Of all the various perspectives, sources say that the most interesting observation about the creation of SAF is that it is expected to put pressure on the inter-governmental process by drawing attention to the present SAARC shortcomings and urge governments to ensure the progression of several regional issues from the declaratory to implementation stage thereby qualifying the widely accepted truth that SAARC hasn’t exactly been a spectacular success.

The concerned authorities, obviously, wouldn’t agree with that inference.

On 28th and 29th of April 2011, the Steering Committee for the establishment of SAF met in New Delhi and finalized the Objectives, Scope and Guidelines for the SAF. The Steering Committee comprises of one representative from government and one representative from outside of government from each Member State of SAARC and was constituted to facilitate and serve as the enabling body for establishing SAF, and to convene the First Meeting of SAF prior to the Seventeenth SAARC Summit scheduled to be held in the Maldives on 10-11 November 2011.

Opening the Steering Committee meeting, Mr. Pema L. Dorji, Director, SAARC Secretariat as Representative of the Secretary General of SAARC, in a statement delivered on behalf of the Secretary General of SAARC, underlined that:

“…unlike the perception in the wider public domain, the accomplishments of the Association are not insignificant when weighed against the limitations found in the SAARC Charter, the structure of the Secretariat, the available resources and the realities within which SAARC has functioned.”

He further stated:

“…the (South Asia) Forum must strive to overcome the limitations that has crippled SAARC and prevented it from achieving the successes that its peers in other regions of the world have achieved.”

And finally:

“… (there is a) need to instill a sense of ‘South Asianness’, understanding the importance of facilitating movement of and interaction among people from all sectors and to continue to pursue ‘open regionalism’ by widening the reach of the Association with external actors.”

South Asia is not an easy region to forge partnerships.
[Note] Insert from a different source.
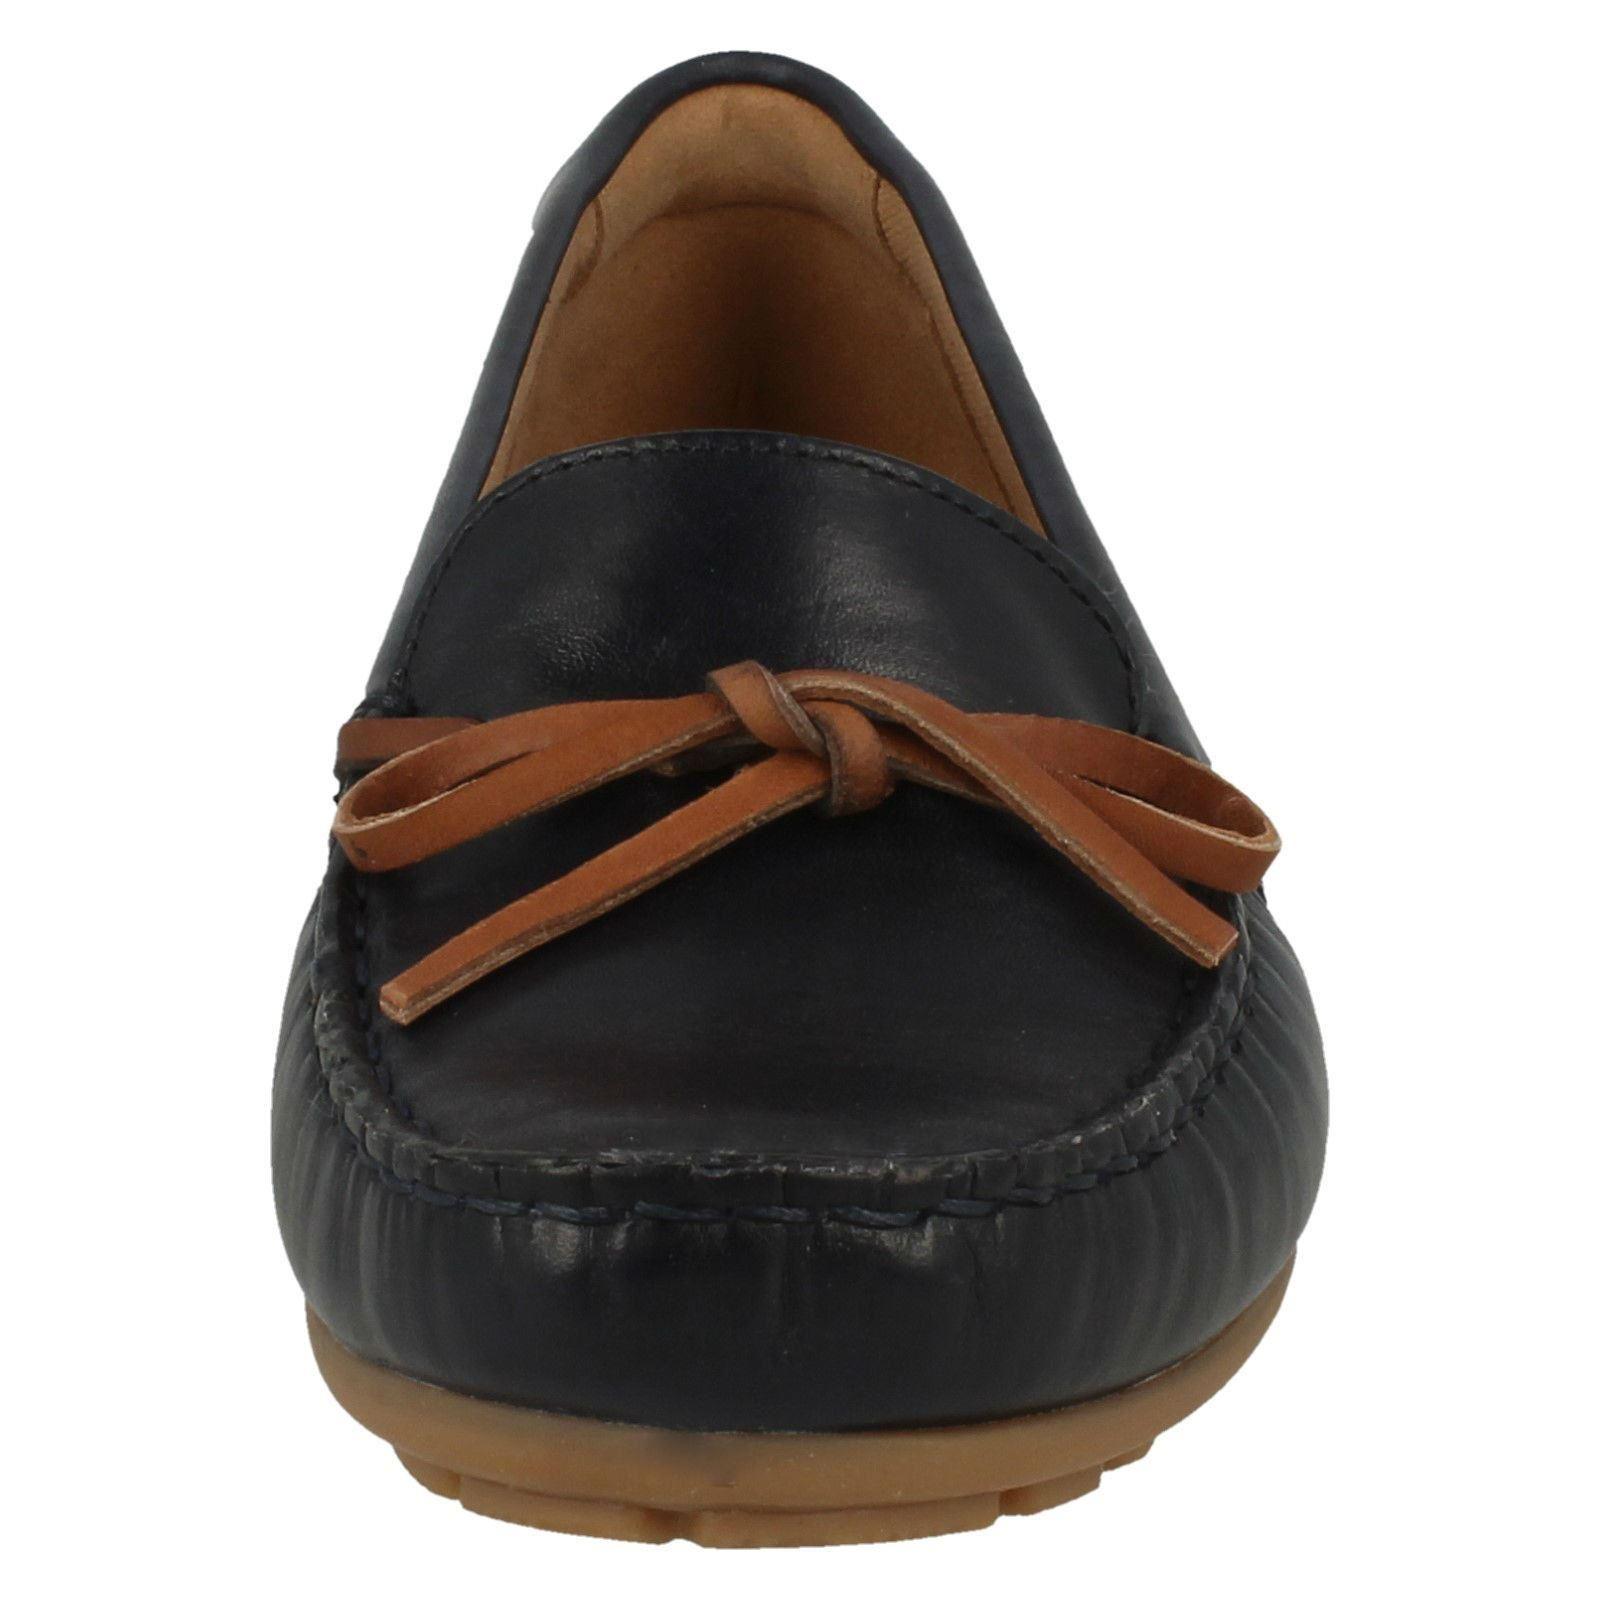 Mujer Estilo Dameo Clarks Swing Zapatos Mocasín PfFZT

It is a region of a million conflicts, many of which often blur the geographical barriers. So, it would have been naïve for anyone to have expected SAARC to do an European Union or ASEAN by now. And yet, for an organisation which was first mooted by Bangladesh in 1977 and was formally established in 1985, it has a pretty poor report card for itself. Economic reports suggest that the intra-regional trade in 2009 was $628.9 billion, which was just five per cent of global trade. In contrast, East Asia’s comparative contribution to global trade was 32 per cent in 2006.
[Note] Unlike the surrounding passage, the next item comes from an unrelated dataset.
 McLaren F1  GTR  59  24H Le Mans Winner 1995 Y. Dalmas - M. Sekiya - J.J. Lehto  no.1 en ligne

In a bid to address that, perhaps, an official Press Release tells us that the first meeting of SAF will be held in New Delhi on 8-9 September 2011 on the theme “Integration in South Asia: Moving Towards a South Asian Economic Union”. Based on Public-Private Partnership, the cost of which will be borne through corporate sponsorship, the first meeting of SAF would consist of an inaugural session, a stocktaking session, a business and economy session, a session on people-centric issues and a concluding session.

The Federation of Indian Chambers of Commerce and Industry (FICCI) will provide organizational back-up and the outcome of SAF will be reported to the 17th SAARC Summit to be held in Maldives in November.

Each SAARC Member State will nominate 14 participants, comprising high-level dignitaries; eminent personalities of diverse backgrounds from Governments, think tanks and research organizations, Chambers of Commerce & Industry, scholars, academia, civil society, youth, and women. One representative from the media from each Member State will also be invited to participate in the SAF. The Secretary General of SAARC and Heads of Mission of Observers to SAARC based in New Delhi will also be invited to participate in the First SAF.

But, to observers of the SAARC movement, the moot point still remains as to why all of the objectives of SAF can’t be done through SAARC. More importantly, if it could not be done for the last 26 years by SAARC, can the SAF do it?